A list wit csv and fasta dataframes

Examples

csv<-concat_conserved_kmer(proteins_1host)$csv
csv_2hosts<-concat_conserved_kmer(protein_2hosts, conservation_level = "CCS")$csv
fasta <- concat_conserved_kmer(protein_2hosts, conservation_level = "HCS")$fasta

Extract metadata via fasta file from GISAID

Description

This function get the metadata from each header of GISAID fasta file

Usage

extract_from_GISAID(file_path)

Arguments

file_path

path of fasta file

Extract metadata via fasta file from ncbi

Description

This function get the metadata from each head of fasta file

Usage

extract_from_NCBI(file_path)

Arguments

file_path

path of fasta file

JSON2CSV

Description

This function converts DiMA (v5.0.9) JSON output file to a dataframe with 17 predefined columns which further acts as the input for other functions provided in this vDiveR package.

Usage

json2csv(
  json_data,
  host_name = "unknown host",
  protein_name = "unknown protein"
)

Arguments

json_data

DiMA JSON output dataframe

host_name

name of the host species

protein_name

name of the protein

Value

A dataframe which acts as input for the other functions in vDiveR package

Examples

inputdf<-json2csv(JSON_sample)

Metadata Input Sample

Description

A dummy dataset that acts as an input for plot_world_map() and plot_time()

Usage

metadata

Format

A data frame with 1000 rows and 3 variables:

ID: unique identifier of the sequence
region: geographical region of the sequence collection
date: collection date of the sequence

Metadata Extraction from NCBI/GISAID (EpiFlu/EpiCoV/EpiPox/EpiArbo) FASTA file

Description

This function retrieves metadata (ID, region, date) from the input FASTA file, with the source of, either NCBI (with default FASTA header) or GISAID (with default FASTA header). The function will return a dataframe that has three columns consisting ID, collected region and collected date. Records that do not have region or date information will be excluded from the output dataframe.

Usage

metadata_extraction(file_path, source)

Arguments

file_path

path of fasta file

source

the source of fasta file, either "NCBI" or "GISAID"

Value

A dataframe that has three columns consisting ID, collected region and collected date

Examples

filepath <- system.file('extdata','GISAID_EpiCoV.faa', package = 'vDiveR')
meta_gisaid <- metadata_extraction(filepath, 'GISAID')

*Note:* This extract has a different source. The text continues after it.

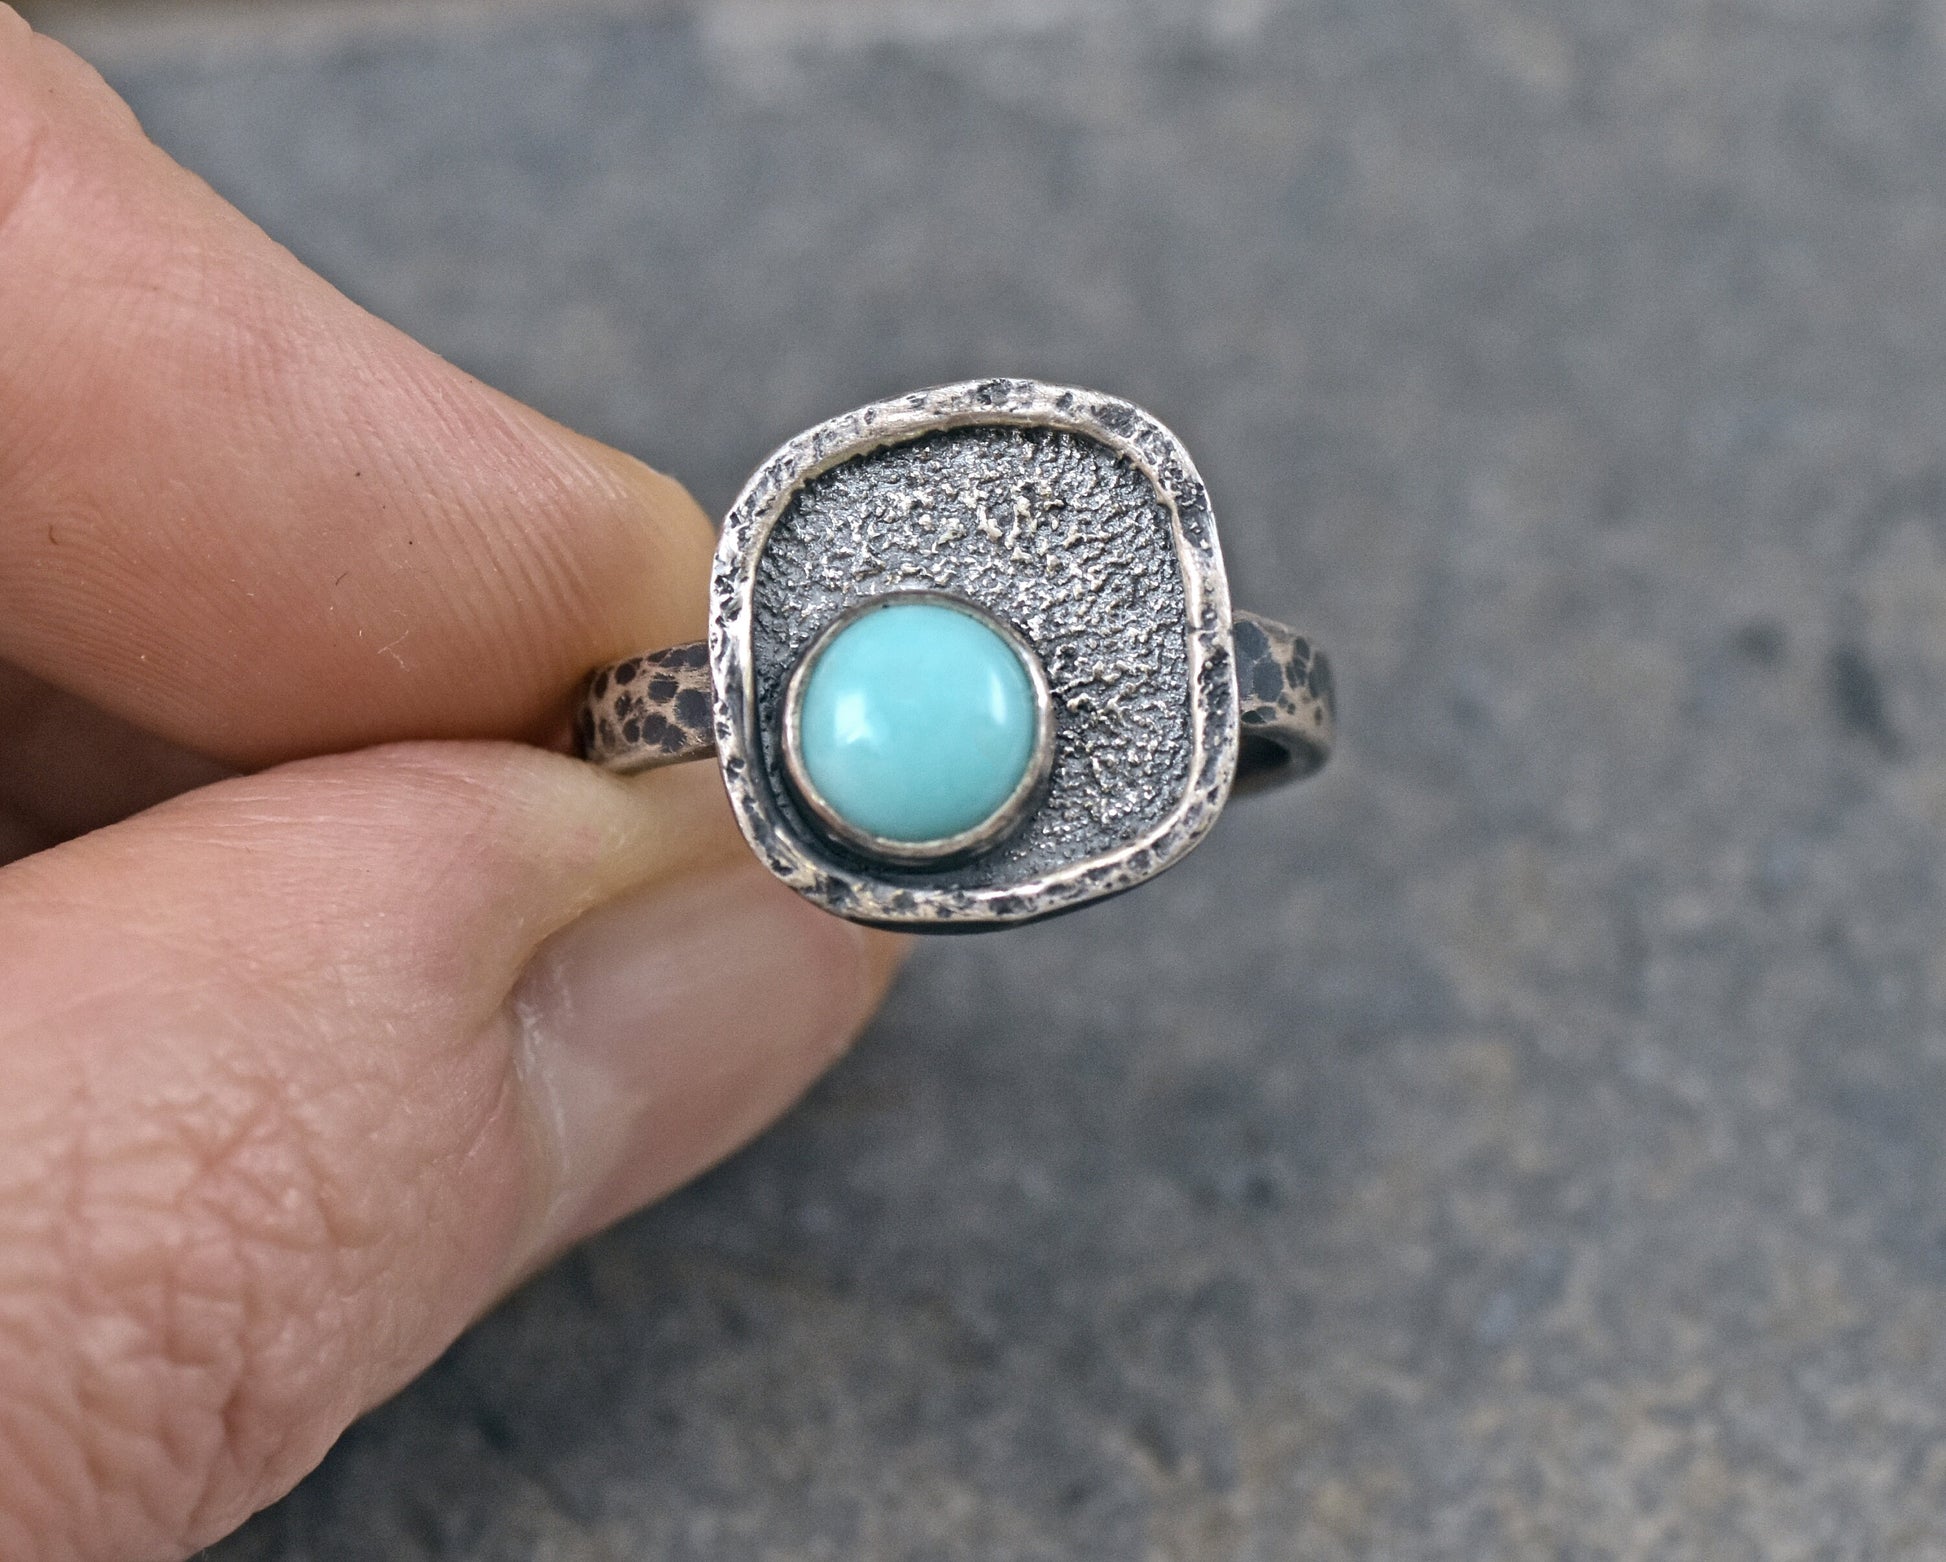 Turquoise Sterling Silver Ring Size 8.5, Artisan Silversmith Jewelry Handmade, Organic Unique Rustic Blue Gemstone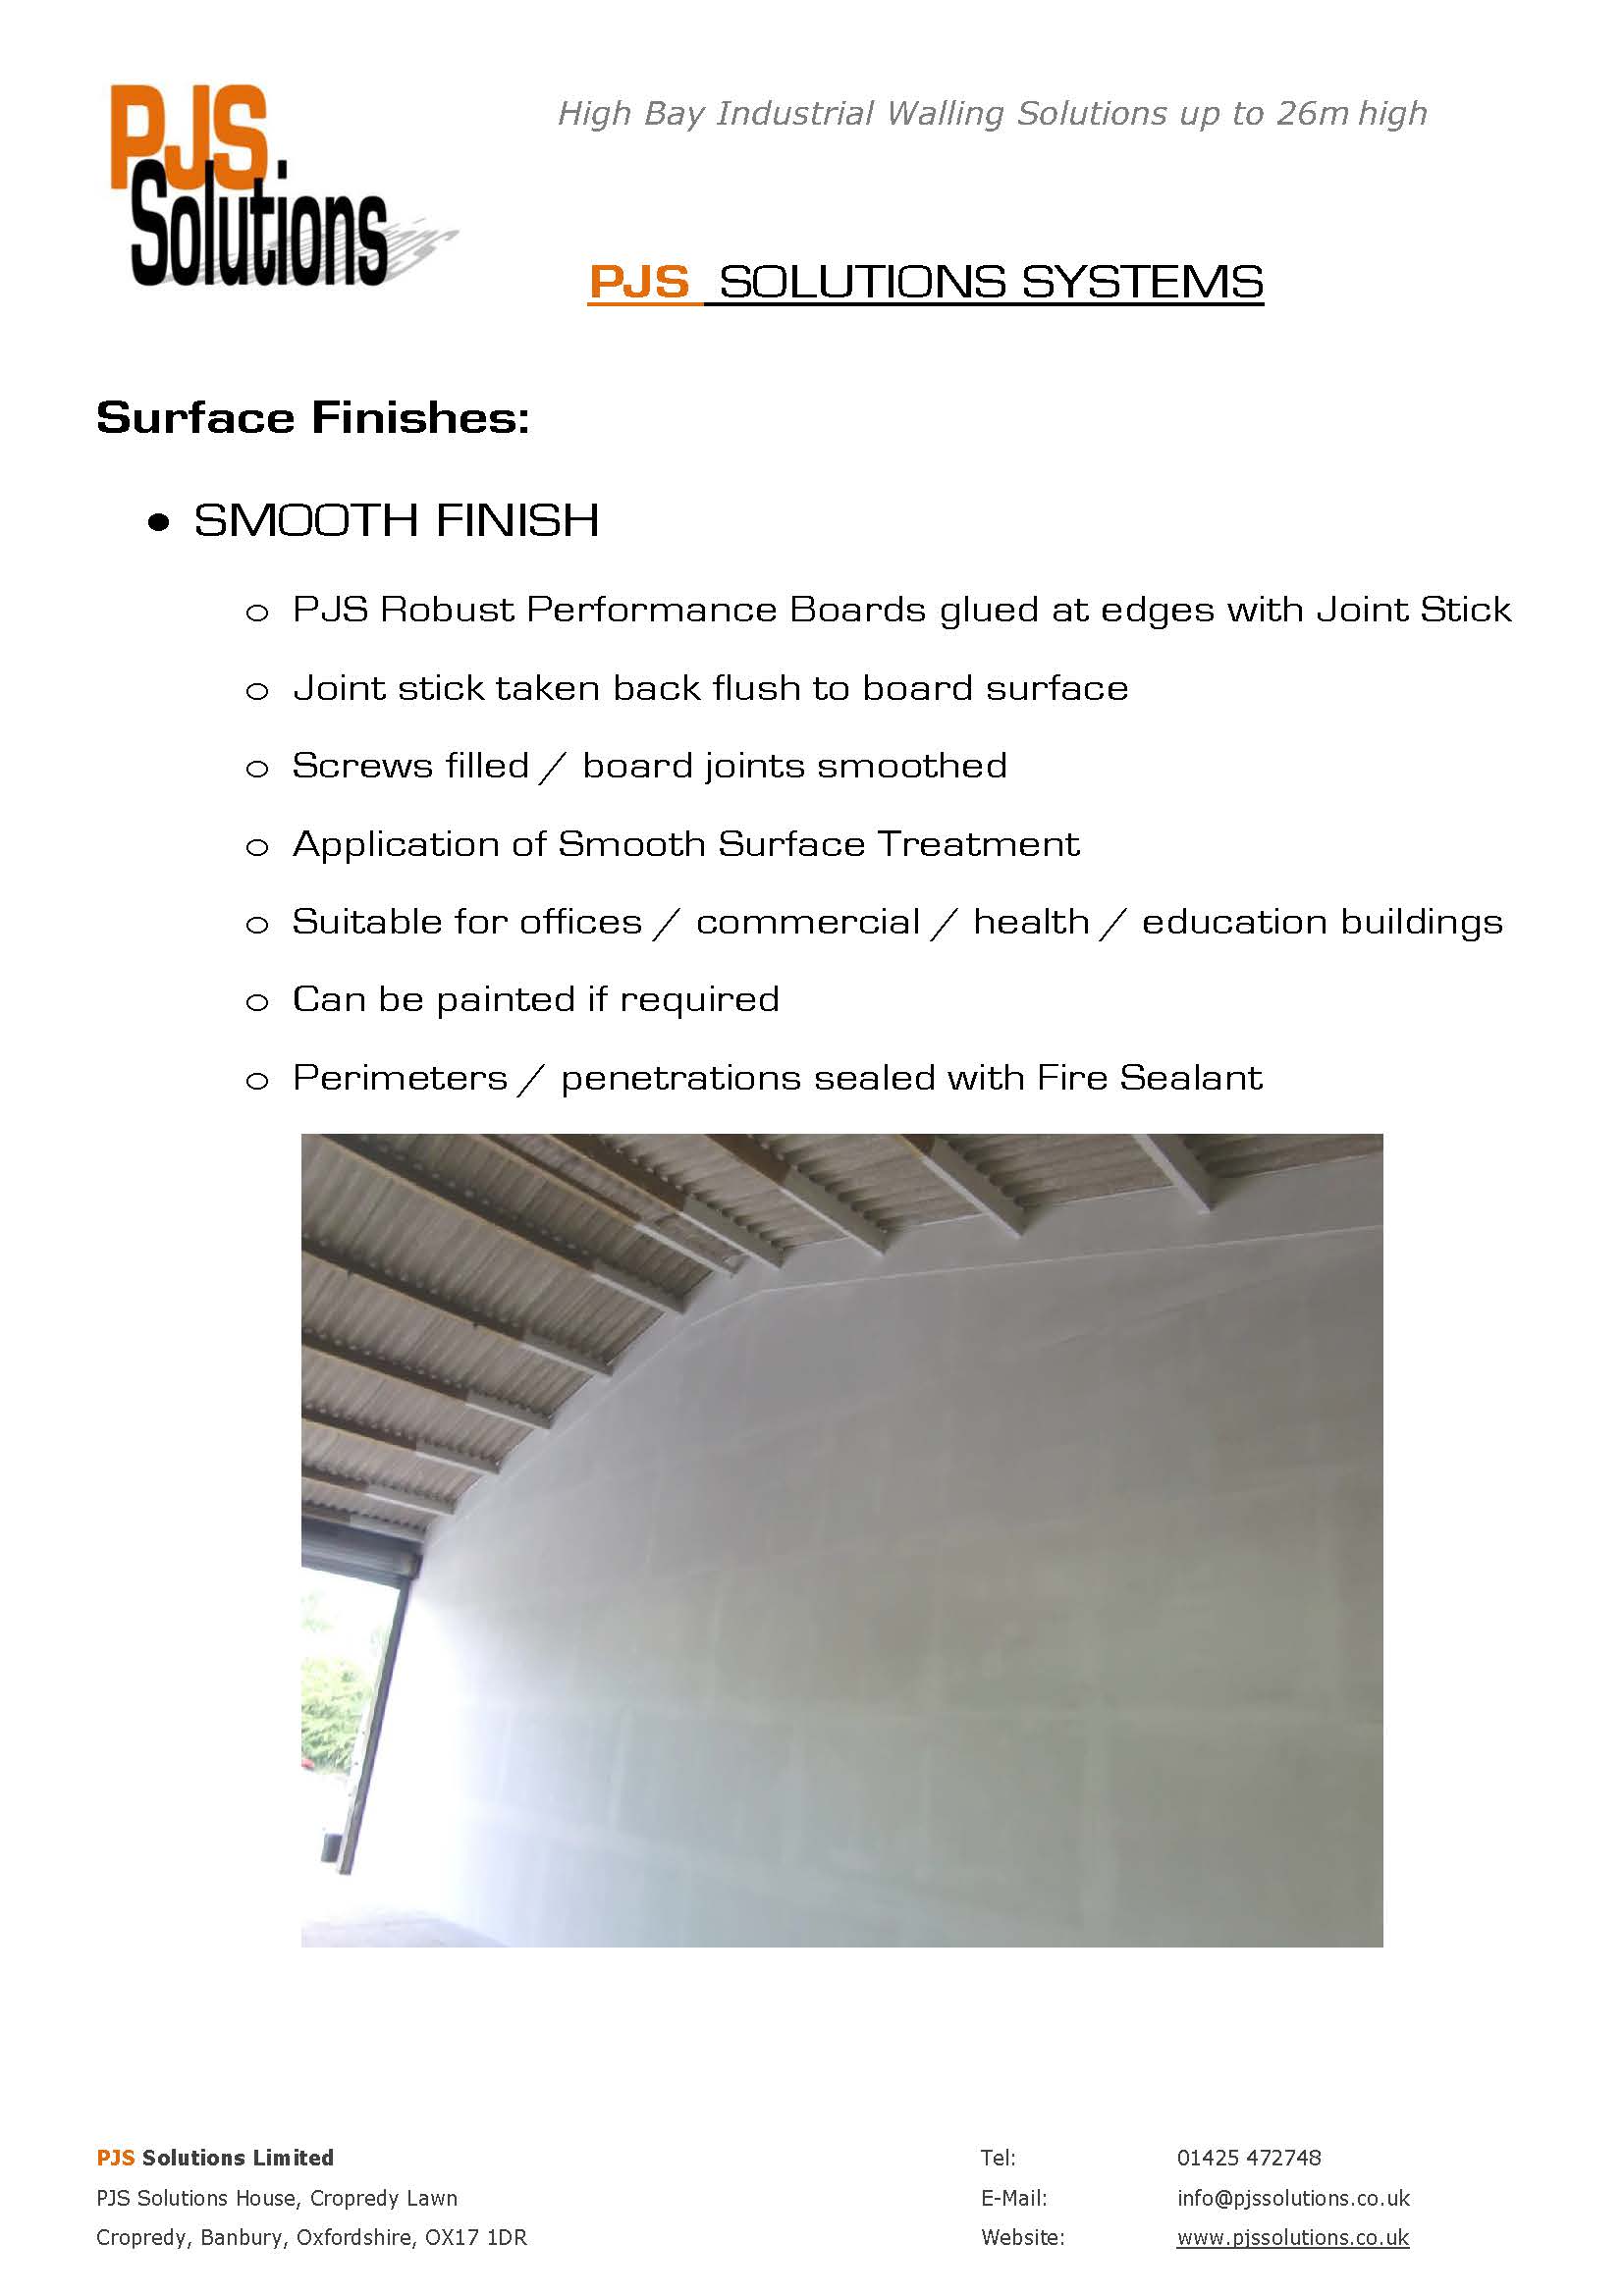 PJS SOLUTIONS PARTITION SYSTEMS Surface Finishes - SMOOTH FINISH

Conservation Levels Distribution Plot

Description

This function plots conservation levels distribution of k-mer positions, which consists of completely conserved (black) (index incidence = 100%), highly conserved (blue) (90% <= index incidence < 100%), mixed variable (green) (20% < index incidence <= 90%), highly diverse (purple) (10% < index incidence <= 20%) and extremely diverse (pink) (index incidence <= 10%).

Usage

plot_conservation_level(
  df,
  protein_order = NULL,
  conservation_label = 1,
  host = 1,
  base_size = 11,
  line_dot_size = 2,
  label_size = 2.6,
  alpha = 0.6
)

Arguments

df

DiMA JSON converted csv file data

protein_order

order of proteins displayed in plot

conservation_label

0 (partial; show present conservation labels only) or 1 (full; show ALL conservation labels) in plot

host

number of host (1/2)

base_size

base font size in plot

line_dot_size

lines and dots size

label_size

conservation labels font size

alpha

any number from 0 (transparent) to 1 (opaque)

Value

A plot

Examples

plot_conservation_level(proteins_1host, conservation_label = 1,alpha=0.8, base_size = 15)
plot_conservation_level(protein_2hosts, conservation_label = 0, host=2)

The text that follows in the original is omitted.